The only difference between the parties is the contingency deduction
that should be applied
in this particular case.
[31] In the case of Southern Insurance
Association Ltd v Bailey NO (1) SA 98 (AD) page 113F-114E it was
stated:
"Any enquiry into damages for
loss of earning capacity is of its nature speculative, because it
involves a prediction as to
the future, without the benefit of
crystal balls, soothsayers, augurs or oracles. All that the Court can
do is to make an estimate,
which is often a very rough estimate, of
the present value of the loss."
[32] Stratford J in the case of
Hersman v Shapiro and Co TPD 367 379 stated:
"Monetary damage having been
suffered, it is necessary for the Court to assess the amount and make
the best use it can of the
evidence before it."
[33] It is correct that contingency
factors to be applied in each case are to be considered on the facts
of the particular case.
In the Quantum Year book 2009 and at page
100, Koch states as follows:
"It has also become customary for
the Court to apply the so-called sliding scale to contingencies which
entails that half a
percent for year to retirement age that is 25%
for a child, 20% for a youth and 10% in middle age (see Goodall v
President Insurance
Company Ltd
1978 (1) SA 389
(W) ..."be
applied."
[34] In this particular case
plaintiff's counsel argues that a contingency of 20% should be
applied in the particular case having
regard to the circumstances of
the minor child. The plaintiff's counsel indicted that the minor
child's father reached Grade 12
and worked at a call centre and
accordingly that the minor child had at least that potential to
reach. The evidence as to the minor
child's earning capacity appears
to have been a compromised aspect between plaintiff and defendant and
in terms of the joint minutes
of the industrial psychologists it is
noted that insofar as the pre-accident scenario was concerned the
experts agree on a Matric
plus course as the likely earning scenario.

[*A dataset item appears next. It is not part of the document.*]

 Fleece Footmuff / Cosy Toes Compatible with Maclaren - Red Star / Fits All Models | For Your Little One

[35] Defendant's counsel, Mr Snoyman,
contends that having regard to the socio-economic conditions that the
minor child has been
brought up in as well as the fact that almost
all of the minor child's immediate and extended family are unemployed
save an aunt
who works for SAA indicates that a high contingency
should be applied in the particular circumstances. Mr Snoyman also
indicates
that a Matric plus course as indicated by the industrial
psychologists on the pre-morbid scenario is not the same as a Matric
certification.
[36] Plaintiff's counsel, on the other
hand, contends that if one is to take the working lifespan of the
minor, as agreed to between
the parties, it would be 46 years and if
one is then to apply half a percent to the 46 years of the working
life one would come
up to a maximum contingency of 23%. Defendant's
counsel indicates that, having regard to the facts, a contingency of
40% would
be appropriate in the current circumstances.
[37] In having considered the facts
and the argument I am of the view that in taking into account the age
of the minor, the socio-economic
conditions and the case law that a
contingency of 30% be applied in the current case.

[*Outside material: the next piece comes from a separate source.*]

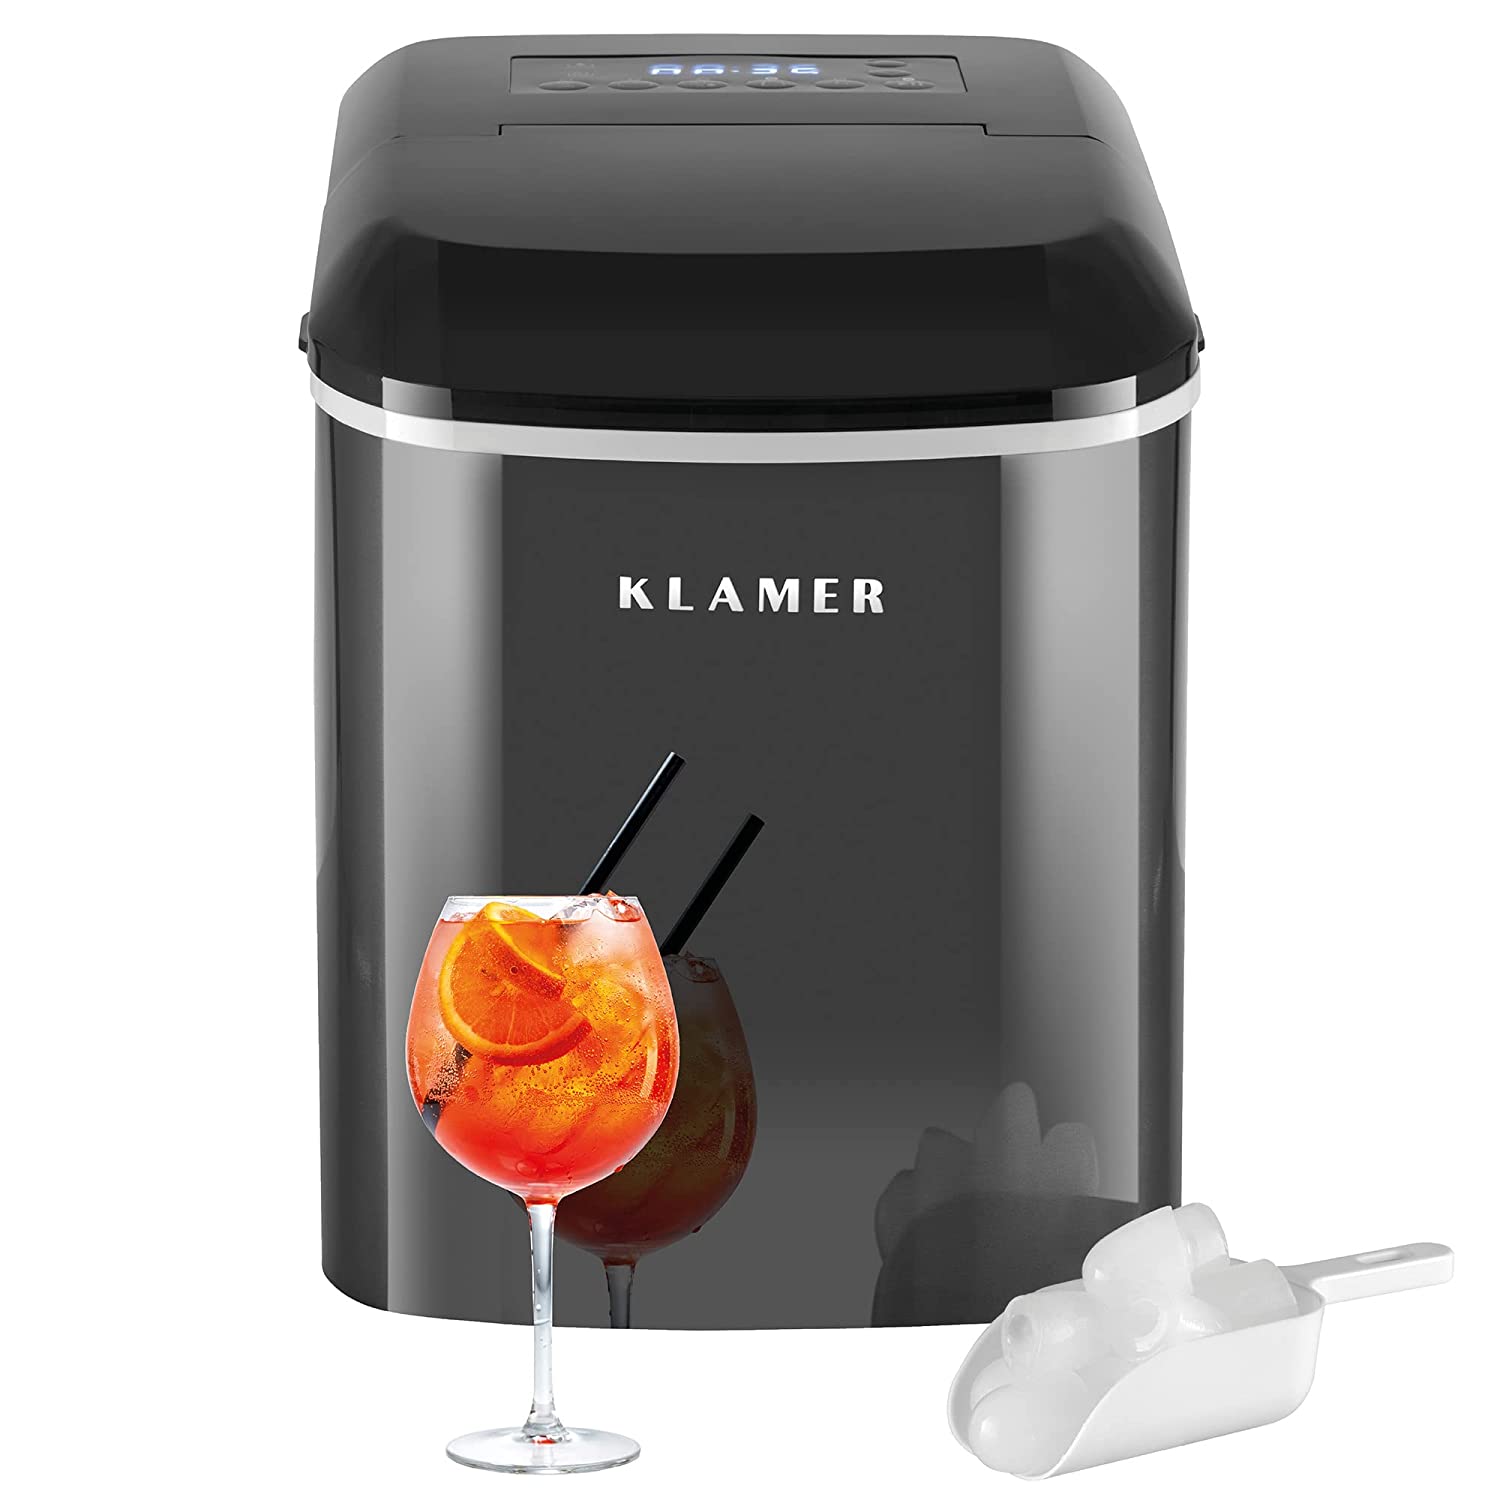 KLAMER Ice Cube Machine (2023), 10 Ice Cubes in 7 Minutes, 15 kg Ice Cubes per Day, 2 Ice Cube Sizes, 2.1 L Water Tank, 120 W Ice Maker with Timer, Quiet Ice Cube Maker with Ice Scoop

PAST HOSPITAL AND MEDICAL EXPENSES
[38] At the hearing of the matter
counsel, by agreement, handed up a schedule of past hospital and
medical expenses. This schedule
contains vouchers which have been
agreed upon. The amount agreed to by the parties in respect of past
hospital and medical expenses
is R16 085,96.
DRAFT ORDER
[39] The parties have agreed to
various aspects in the matter and have accordingly prepared a draft
order which was handed up during
the hearing. The only aspect that is
left blank in the draft order is the actual monetary compensation
that the defendant has to
pay to the plaintiff. I was requested that
in determining the quantum in the matter I am to indicate what the
amount is that the
defendant has to pay to the plaintiff. It is clear
from all the reports that the money has to be protected. The Court
order handed
up has such a provision namely for the formation of a
trust for the benefit of the minor child.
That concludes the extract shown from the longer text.